Salah satu korban yang kini menjalani rawat jalan adalah petugas pengamanan. Dirjenpas menyampaikan bahwa kondisi yang bersangkutan sudah berangsur membaik. Sementara itu, dua korban lainnya – komandan jaga dan kepala seksi keamanan dan ketertiban – menderita luka cukup serius akibat sabetan senjata tajam saat mencoba mengendalikan gangguan keamanan yang terjadi di dalam lapas.

“Begitu mereka bisa dibesuk pasca operasi, saya akan kembali mengunjungi.
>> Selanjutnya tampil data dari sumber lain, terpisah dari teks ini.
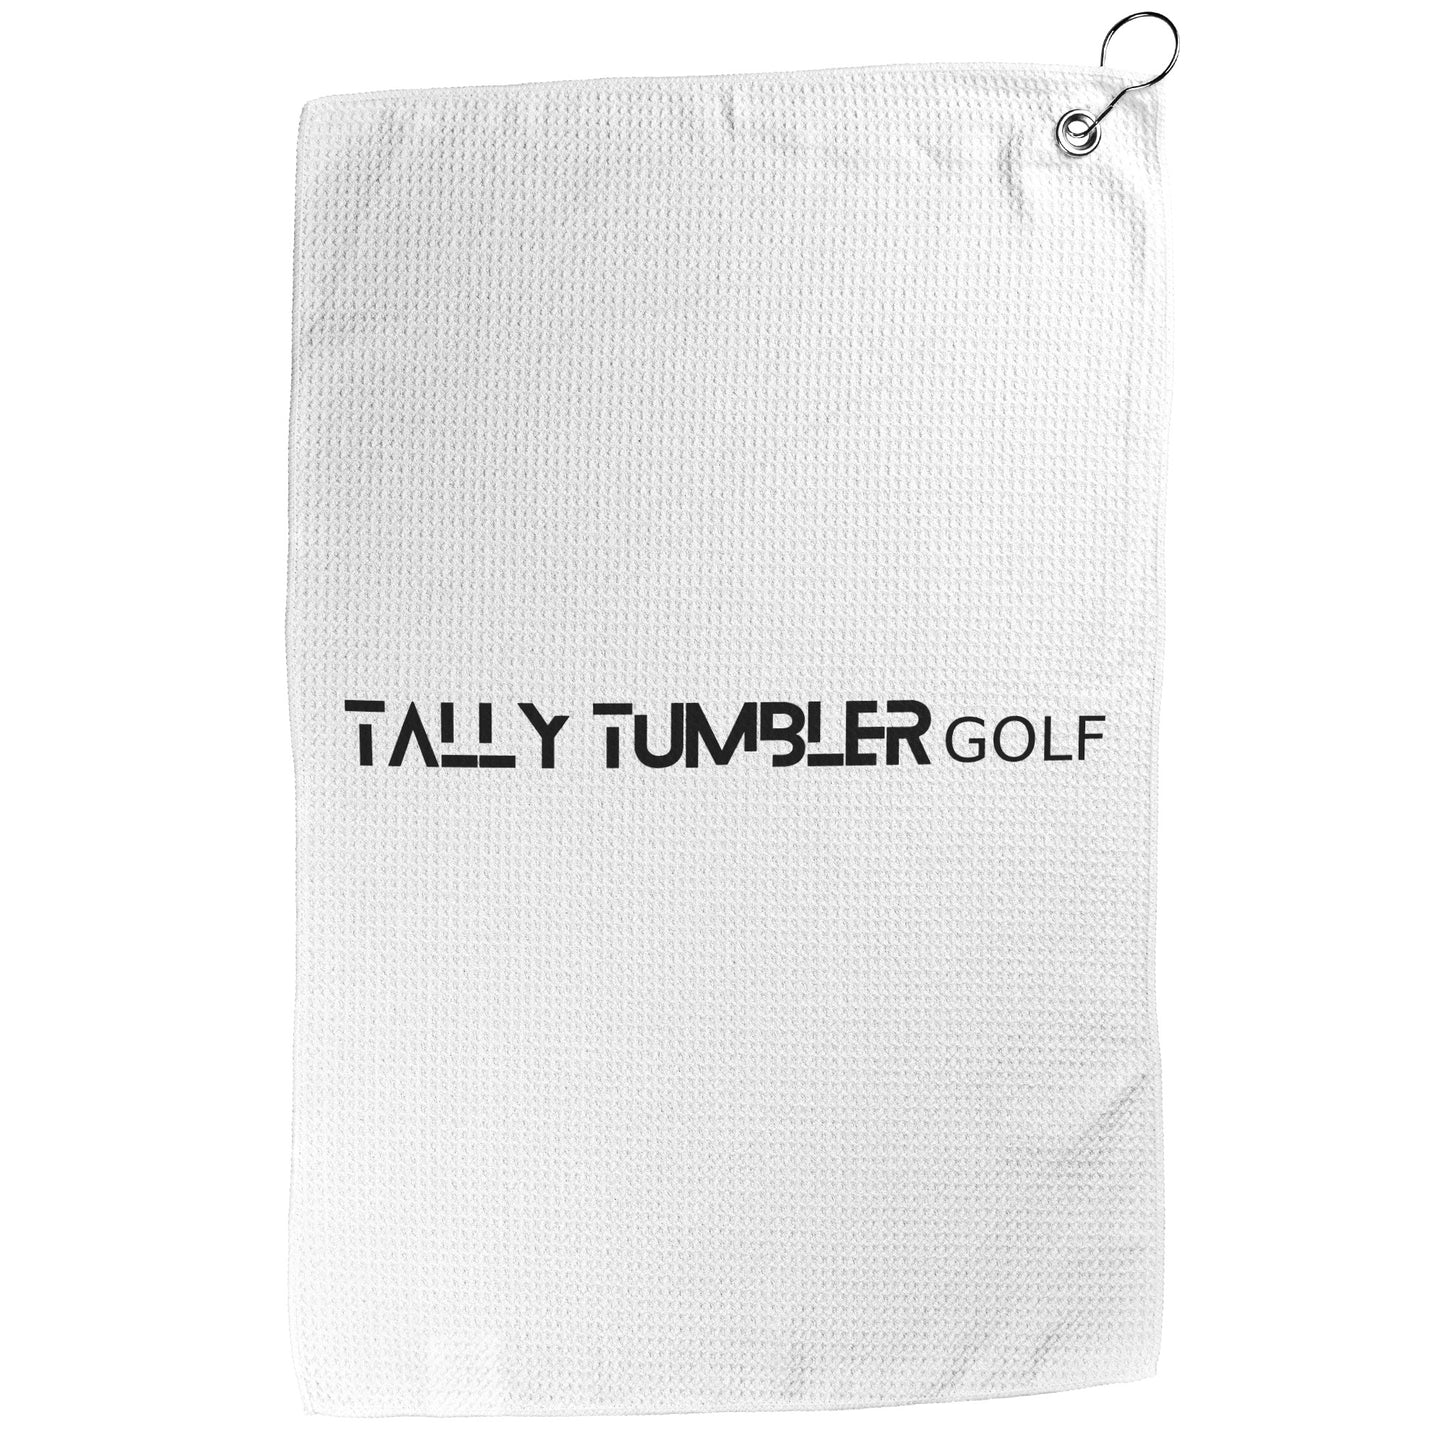 Tally Tumbler Golf Towel
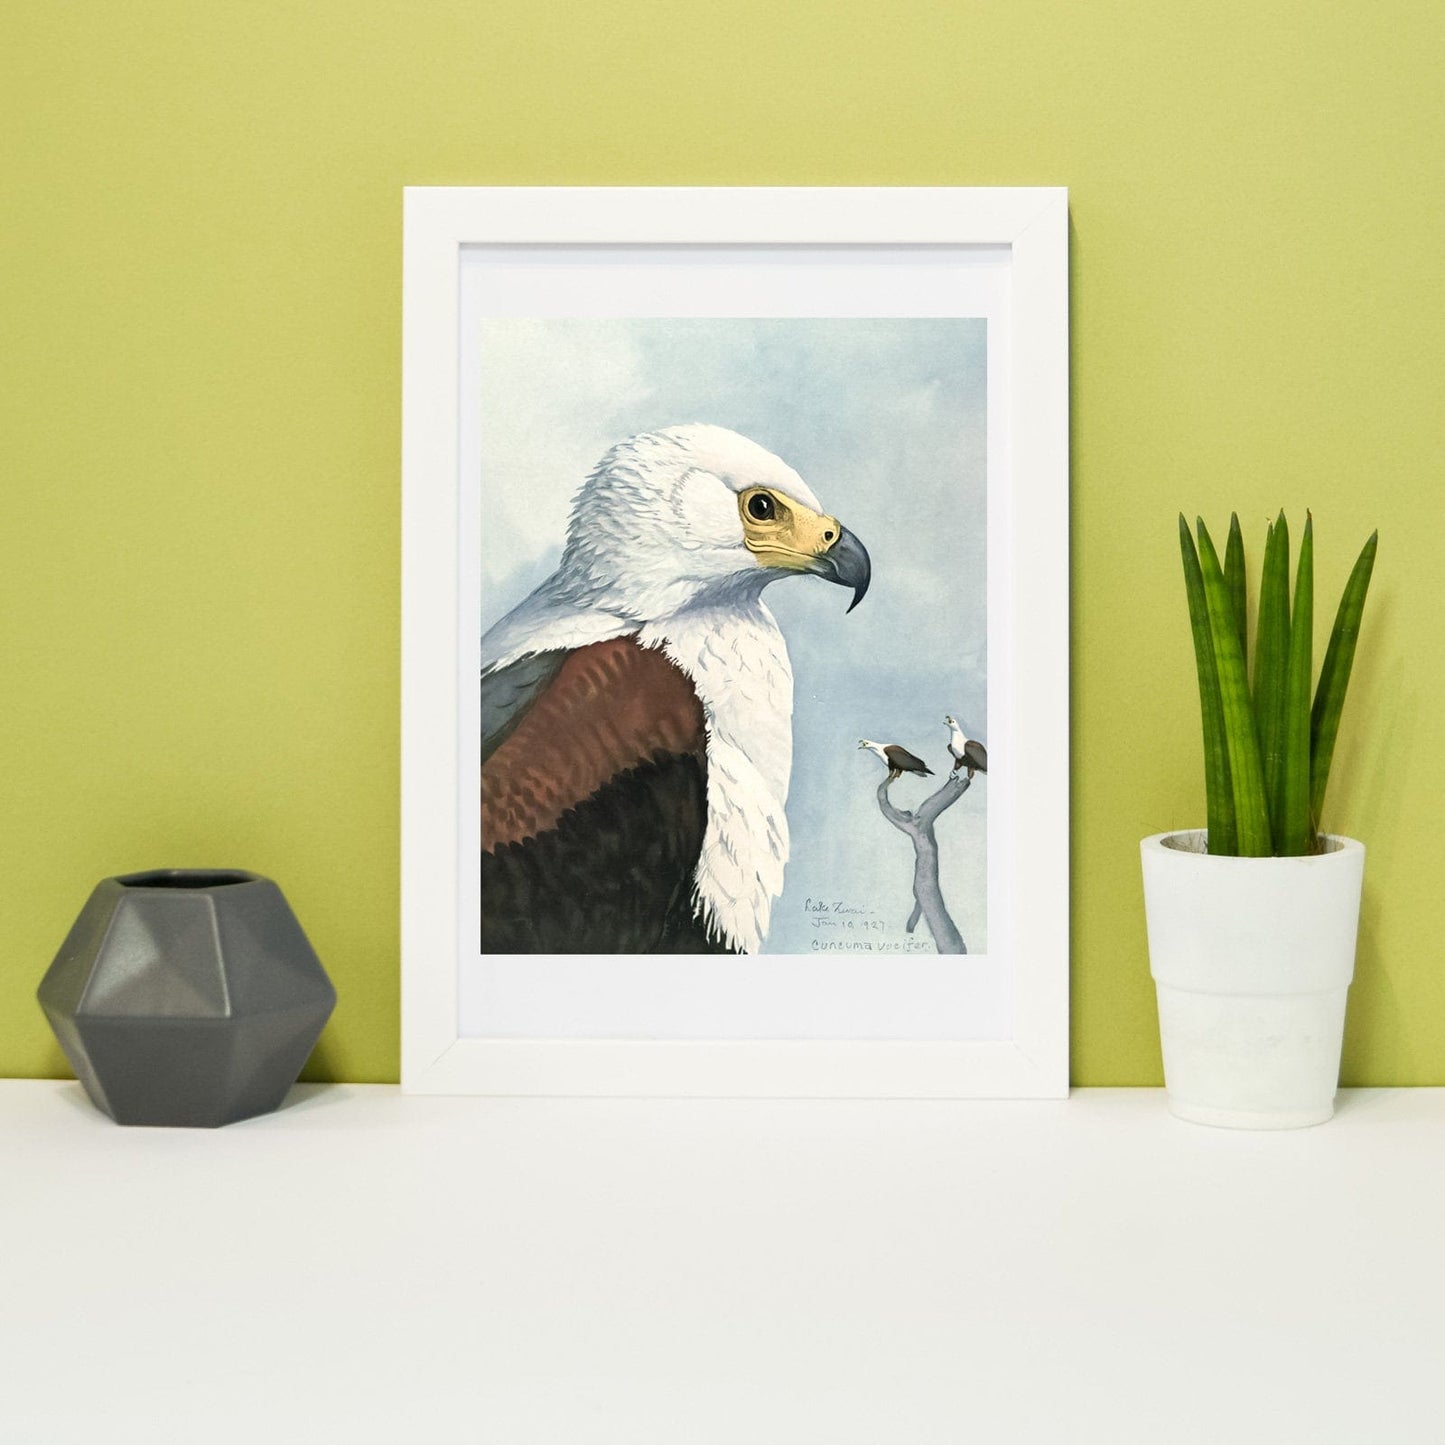 Framed Bird Print, Natural history bird art eagle print Vintage Animal Prints

Kami pastikan dukungan penuh untuk para anggota kami yang terluka,” tegas Mashudi.

Dalam kesempatan itu, Dirjenpas juga menyerahkan bantuan dana kepada ketiga petugas sebagai bentuk perhatian dan kepedulian dari Kementerian Hukum dan HAM. Bantuan tersebut berasal langsung dari Menteri Hukum dan HAM Bidang Imigrasi dan Pemasyarakatan, Komjen Pol. (Purn) Agus Andrianto.

“Ini adalah bentuk perhatian dan penghargaan atas kerja keras mereka dalam menjaga keamanan dan ketertiban,” kata Mashudi.

Menteri Agus Andrianto bahkan sempat menyampaikan dukungan langsung melalui panggilan video kepada petugas yang terluka.

Usai dari rumah sakit, Dirjenpas melanjutkan kunjungan ke Lapas Nabire bersama Kapolda dan Wakapolda Papua Tengah, serta Direktur Kepatuhan Internal dan Direktur Perawatan Kesehatan Ditjenpas. Dalam arahannya kepada jajaran petugas, Mashudi menekankan pentingnya menjalankan tugas pemasyarakatan secara profesional dan penuh integritas.

“Tugas sebagai petugas pemasyarakatan adalah tugas mulia. Laksanakan dengan penuh kesungguhan, sesuai aturan, dan perkuat koordinasi dengan seluruh pemangku kepentingan, mulai dari Polda, Polres, Kodim, Brimob, hingga mitra lainnya,” pesannya.

Mashudi juga menyoroti pentingnya peningkatan kapasitas SDM melalui pelatihan-pelatihan untuk petugas pemasyarakatan guna menghadapi dinamika kerja yang semakin kompleks.

Dirjenpas melanjutkan koordinasi dengan berbagai pihak, termasuk kunjungan ke Korem Nabire, guna memastikan keamanan dan kondusivitas Lapas Nabire yang kini telah berhasil dikendalikan.

Sementara itu, pencarian terhadap narapidana yang melarikan diri masih terus dilakukan melalui kerja sama intensif antara Lapas dan Polres Nabire.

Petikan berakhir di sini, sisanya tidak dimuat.